Invesco DB Agriculture Fund (DBA)
When followers of technical analysis look to get a sense of a sector or market segment's overall trend, they generally turn to tools such as long-term moving averages and trendlines. The most popular fund that is used to gain a sense of a broad basket of the world's most liquid and important widely traded agricultural commodities, such as live cattle, soybeans, corn, cocoa, sugar, wheat, and coffee, is the Invesco DB Agriculture Fund (DBA).
As you can see from the chart below, the bears have been in control of the momentum for most of the past two years. Active traders will want to note how the 200-day moving average (red line) has prevented the price from moving higher on each attempt to break above. While the gain since September is positive for bullish traders, the proximity of the descending trendline and the 200-day moving average should be enough of a warning that prices could struggle to move higher from here. Bullish traders may want to remain on the sidelines until the price is able to make several consecutive closes above the aforementioned resistance levels before betting on a significant move higher.
iShares Global Agriculture Index ETF (COW)
Another popular exchange-traded product that is used to analyze the agriculture sector is the iShares Global Agriculture Index ETF (COW). Based on the pattern shown on the chart below, some bullish traders may be looking at the breakout above the descending trendline as a leading indication of a move higher.
However, as described above, this long-term level of resistance is often used to gauge the direction of the major trend, and the downward slope suggests that the bears are technically in control. As discussed above, the proximity of the resistance of its 200-day moving average and major trendline should not go unnoticed, and these factors could prove to be the barriers that prevent a shift in the long-term downtrend.
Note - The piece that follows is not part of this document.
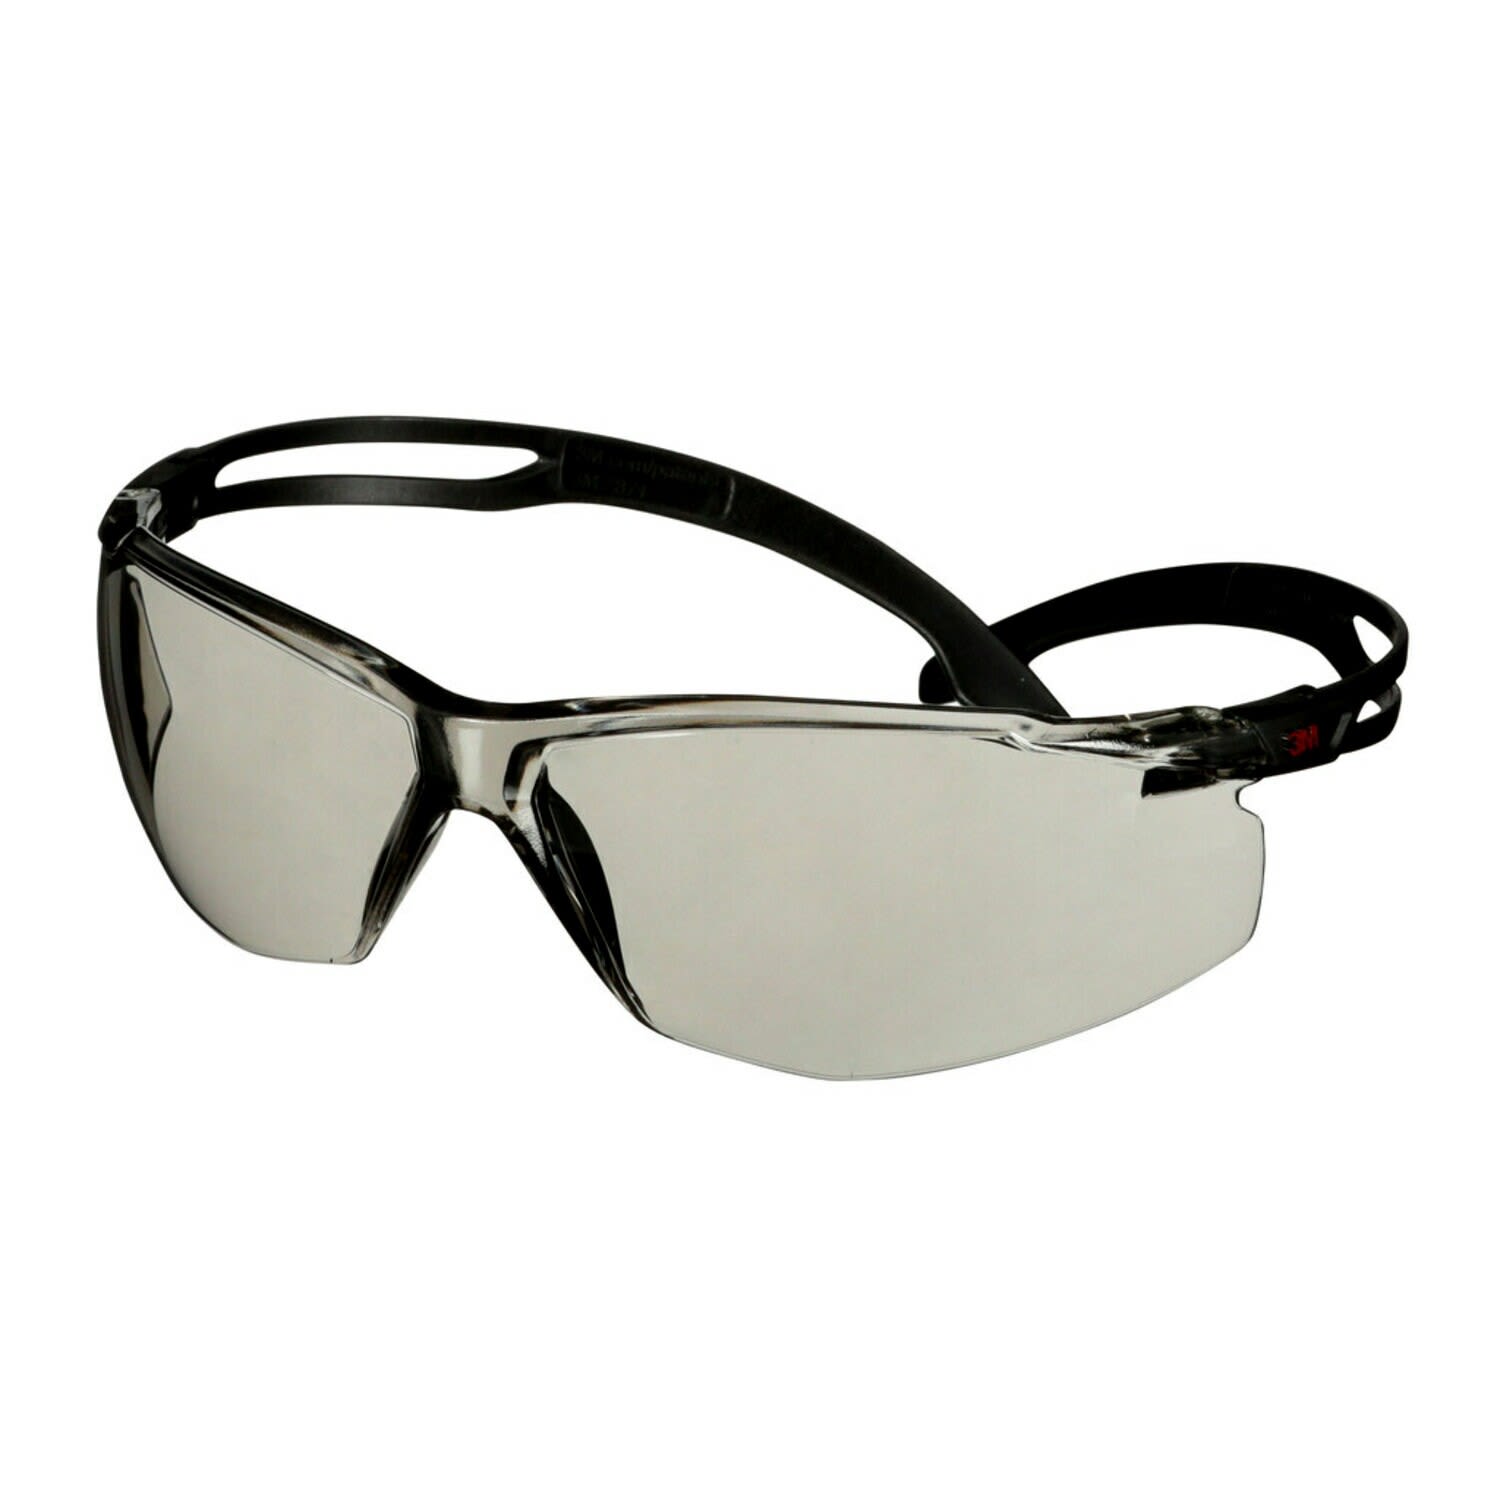 Gafas de seguridad 3M SecureFit 500, color de lente Gris, antirrayaduras, antivaho
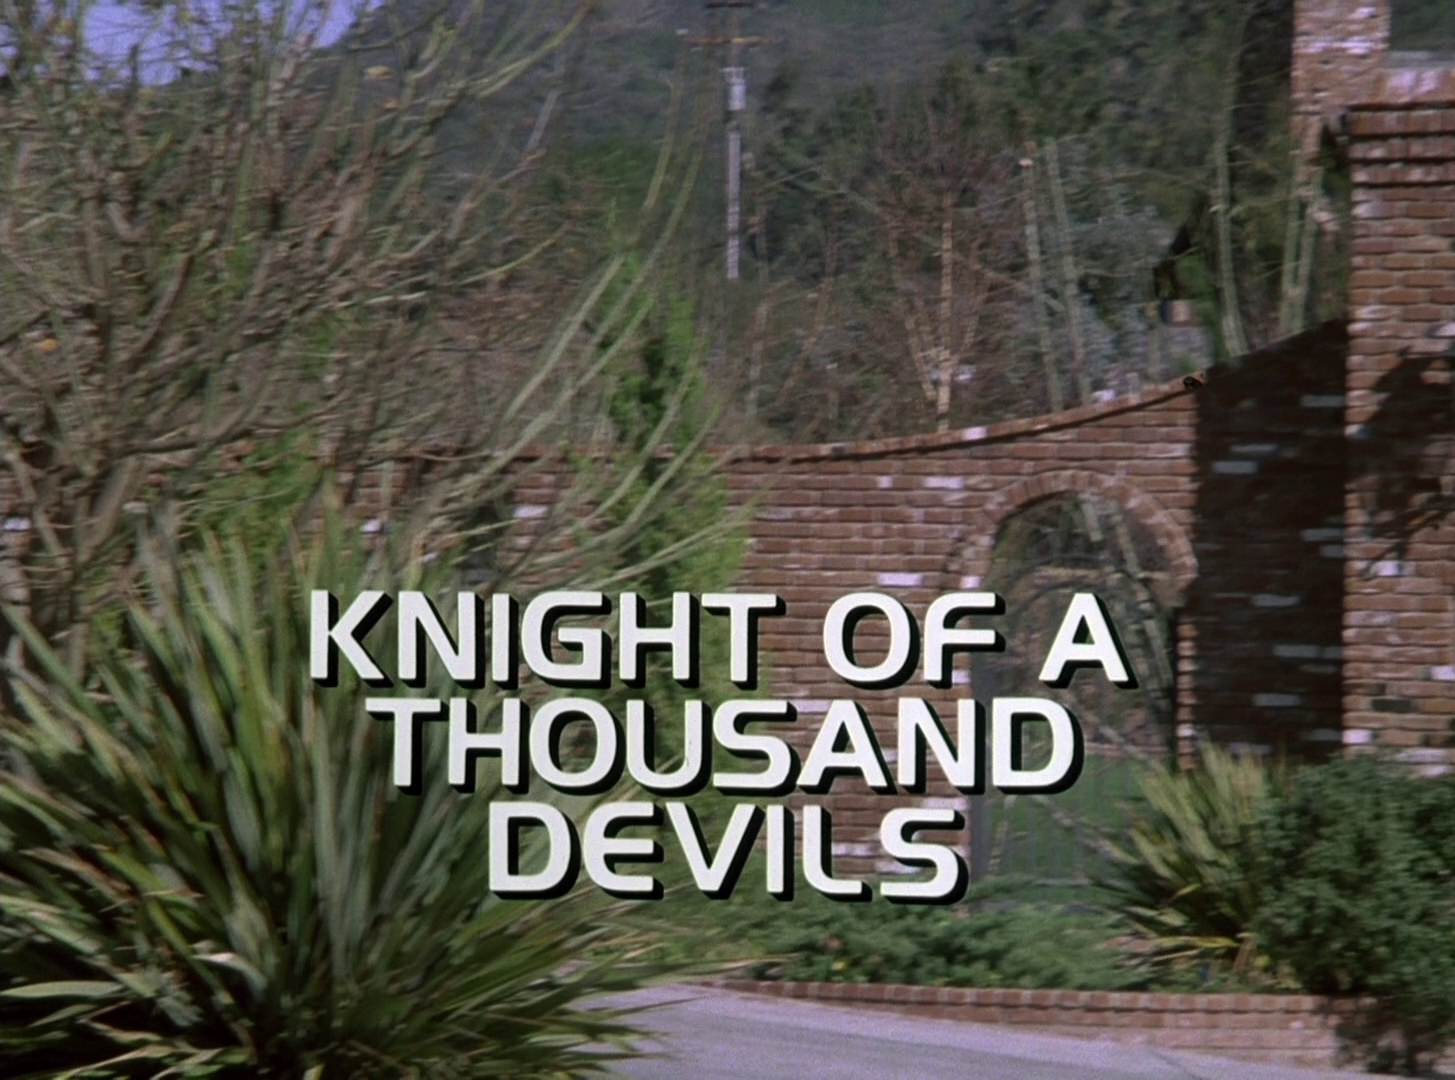 Knight Rider Season 4 - Episode 79 - Knight Of A Thousand Devils - Photo 1

Teucrium Soybean Fund (SOYB)
One of the top holdings of the DBA ETF is a position in soybeans. Taking a look at the chart of the Teucrium Soybean Fund (SOYB), you can see that the price was able to move above the 200-day moving average, which stands as an anomaly compared to the rest of the sector. Before betting on a move higher, bullish traders will likely want to keep a close eye on whether the price is able to break above the psychological resistance of the $16 mark, which also happens to align with an influential horizontal trendline.
The Bottom Line
Rising prices over the past few months have triggered a renewed interest in agricultural commodities by some traders. However, based on the patterns discussed above, it appears as though betting on a move higher from here may not be prudent and that nearby resistance levels could prevent the bulls from changing the direction of the long-term downtrend.
At the time of writing, Casey Murphy did not own a position in any of the assets mentioned.